On Sat, 12 May 2007 08:25:28 +0900, MenTaLguY [email protected] wrote:

What you actually need to do is make uninterruptability the universal
default; interruptability at a specific point must be specifically allowed
for.

Another way to do this is to work in terms of atomic transactions (e.g.
STM, if your STM implementation is itself safe in the face of
asynchronous exceptions).

-mental

kyle_s · May 12, 2007, 2:02am

On Sat, 12 May 2007 08:40:43 +0900, “Bill K.” [email protected] wrote:

If I happen to be calling other routines that aren’t written to handle
exceptions safely, well, yeah, that sucks for me.

That goes for most of core and stdlib, though. At least in the face of
asynchronous exceptions. Have a look at Set#replace, for instance.

But if one method can be written to be safe,

I’m not sure any non-trivial method can be. Additionally, if we’re
dealing with a non-green-threaded case where an exception can be
delivered
at any time (not just set scheduling points), it’s really not possible
at all.

Rather than my continuing to make bald assertions, though, if you’d like
to provide a code sample I can probably illustrate what I mean.

-mental

kyle_s · May 12, 2007, 1:41am

From: “MenTaLguY” [email protected]

Or am I just missing out on something fundamental? (If so, I’m most
definitely interested to learn.)

Yes.

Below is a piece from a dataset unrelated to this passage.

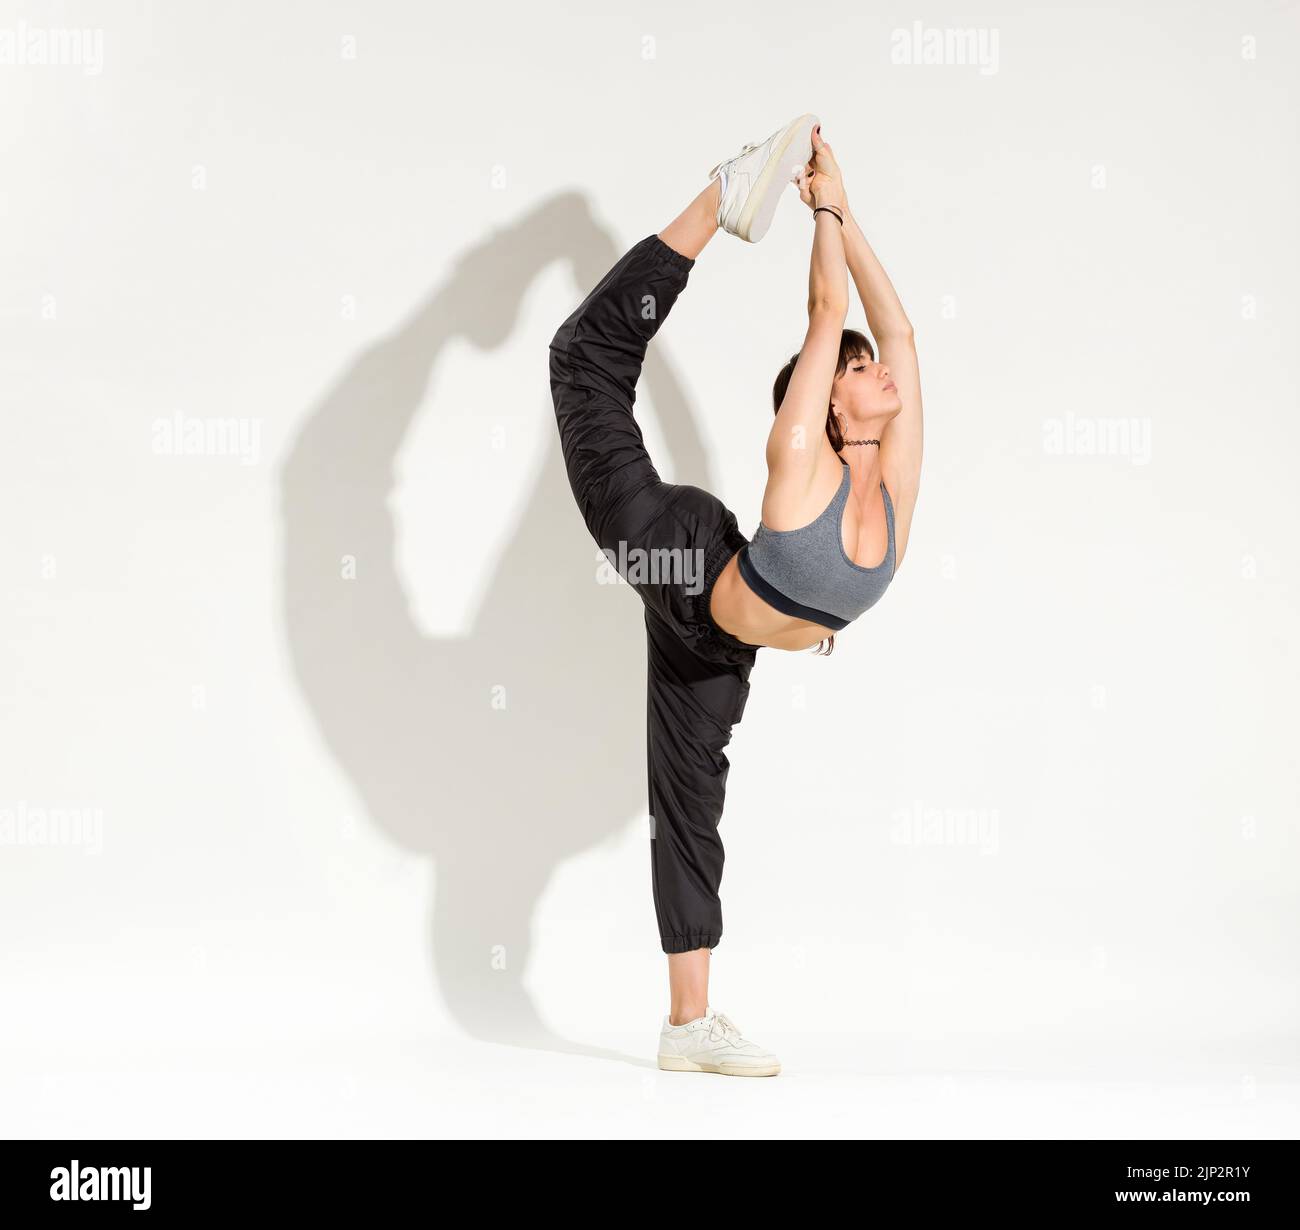 Jazz ballerina immagini e fotografie stock ad alta risoluzione - Alamy

You have to be worried about all of the code involved (e.g. also the
arbitrarily complex implementations of any methods you call), not just your
own immediate code.

Oh. That’s different.

I was just looking for whether we could arrive at constraints that would
allow a given routine to be written in a way that 100% safely handled
these new hypothetical Thread#raise semantics.

If I happen to be calling other routines that aren’t written to handle
exceptions safely, well, yeah, that sucks for me.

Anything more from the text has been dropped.